The opening sequence is impressive, taking the shuttle up from Earth to a huge orbiting craft - the Solar System Explorer of the title. Of its several rooms, I got on best in the library. I sampled its files on Mars, and got a combination of moving pictures and voice-over which produced a highly informative piece. Graphics are impressive, pictures are detailed, and the whole package is truly interactive.
I would quibble a little with the segment about life on Mars. The commentator noted (correctly) that the Viking lander had found no sign of life. The craft had cameras as well as scientific equipment and never picked up signs of movement that would signify life. But the commentator concluded by saying that a rapidly moving creature would not have shown up on the scanners. This is slightly misleading; if there is life on Mars, it is going to be microscopic like a bacterium, not large but so rapidly moving that it does not register.

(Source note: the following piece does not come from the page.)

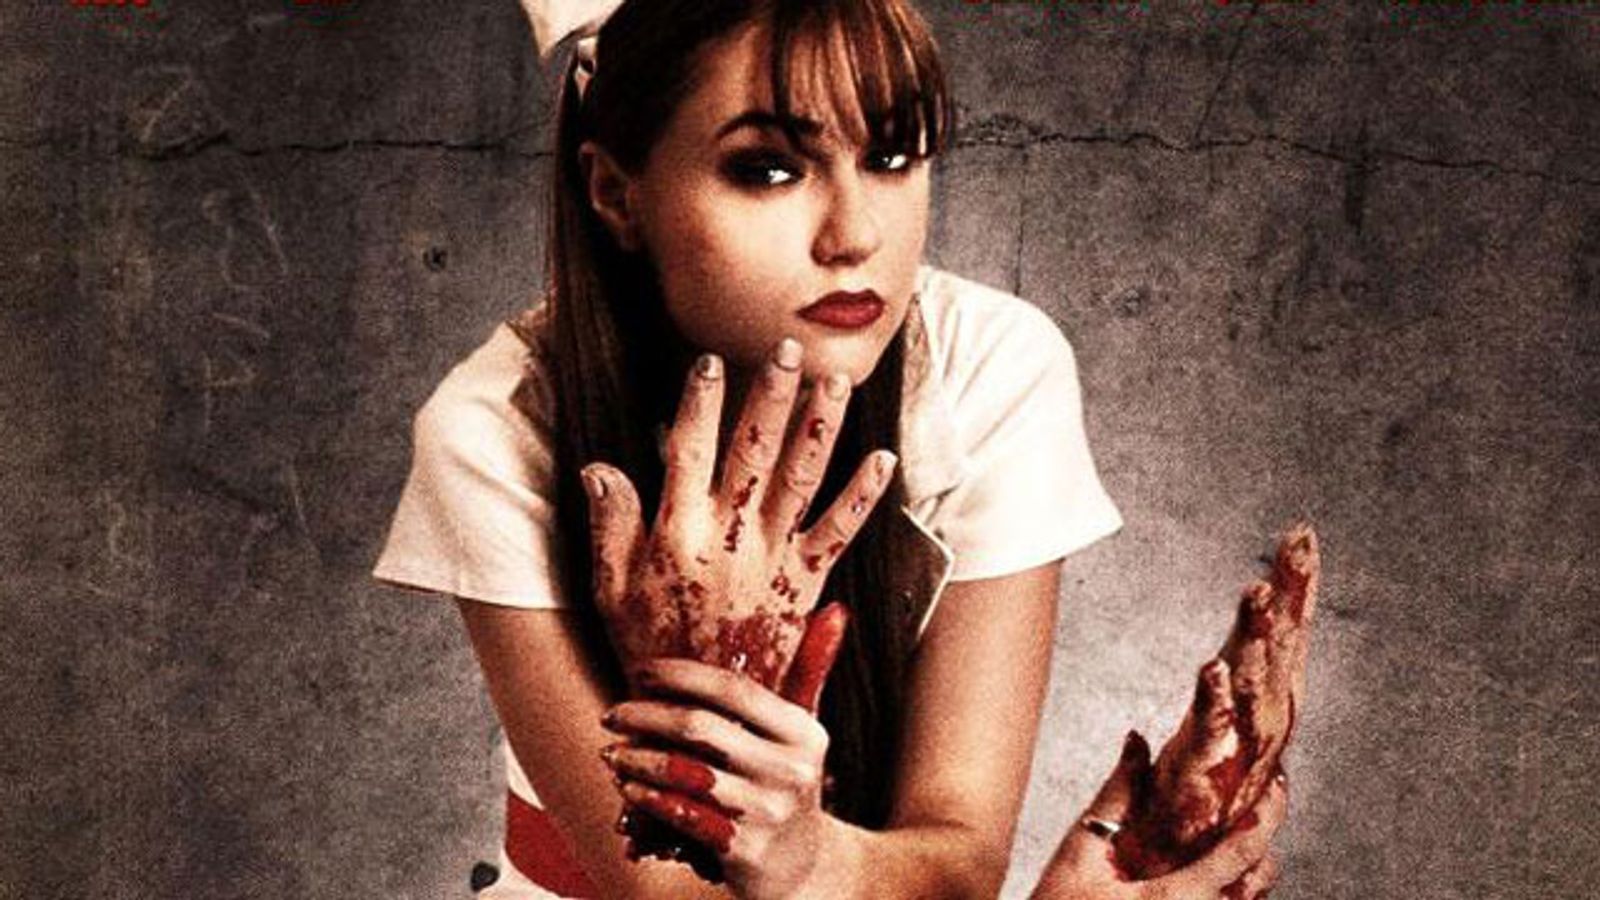 Sasha Grey Horror Film 'Smash Cut' Gets Lone L.A. Screening Tonight
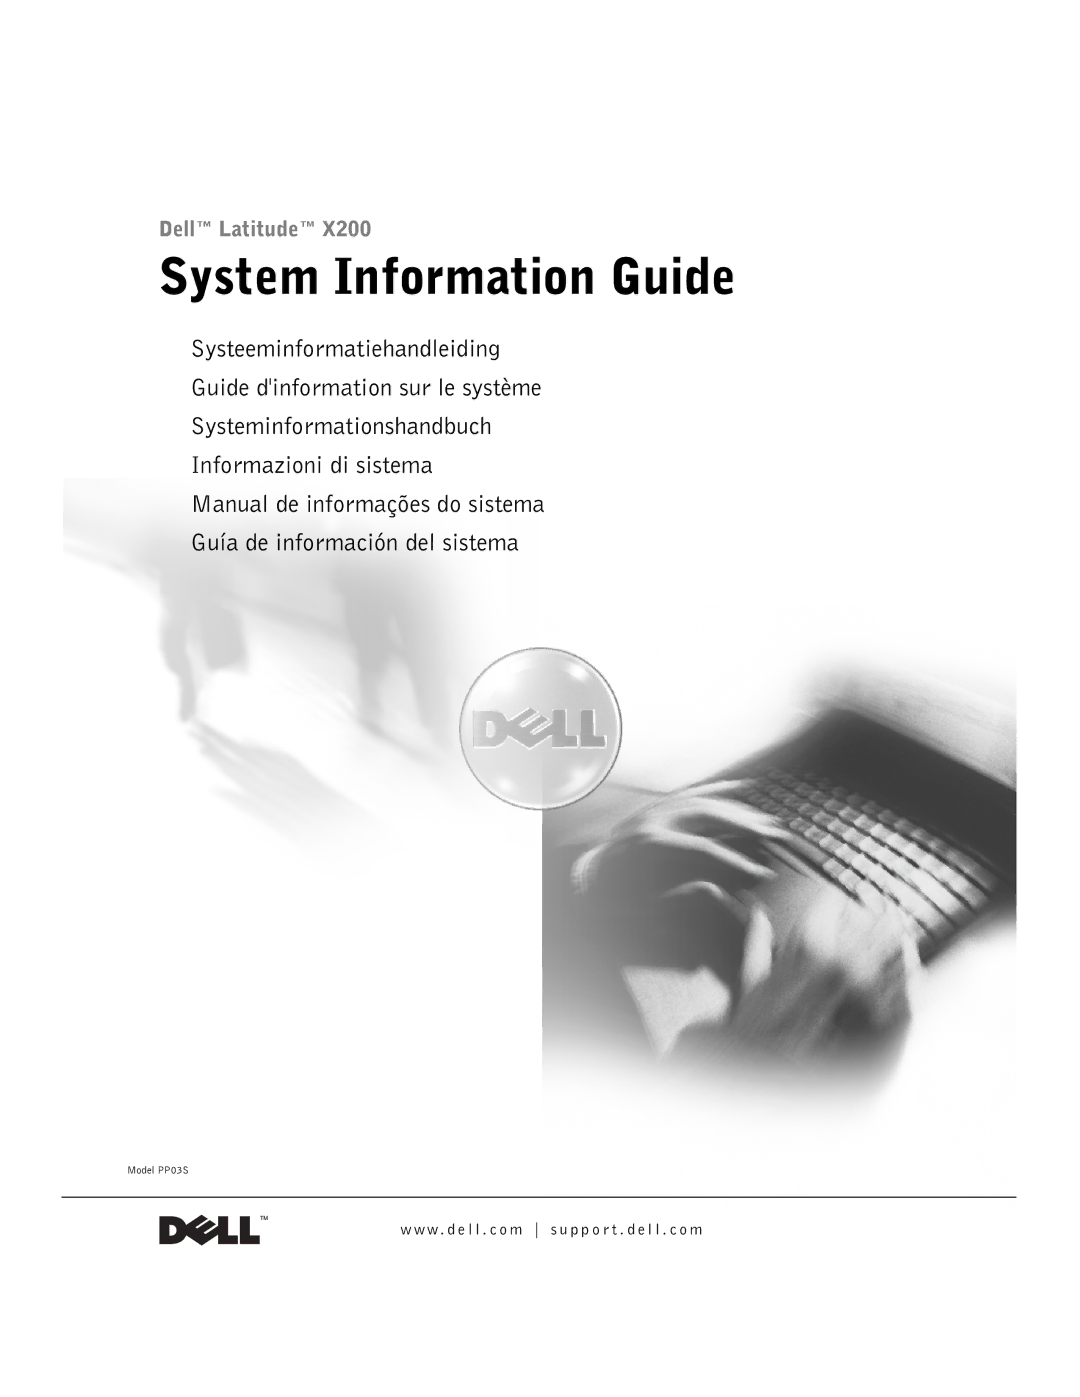 LeapFrog PP03S manual System Information Guide, W . d e l l . c o m s u p p o r t . d e l l . c o m

I suspect my PC is a little too elderly to do this CD-Rom justice. I have a 33MHz 486-processor (state of the art just a short while ago) and it was clearly labouring when I tried to get the Solar System Explorer to leave Earth-orbit and fly me to Saturn via Jupiter. People with Pentium processors will, I imagine, fare rather better. Anyone thinking of this CD-Rom as a Christmas present would do well first to inquire - discreetly, of course, about the speed and power of the machine it is to be run on.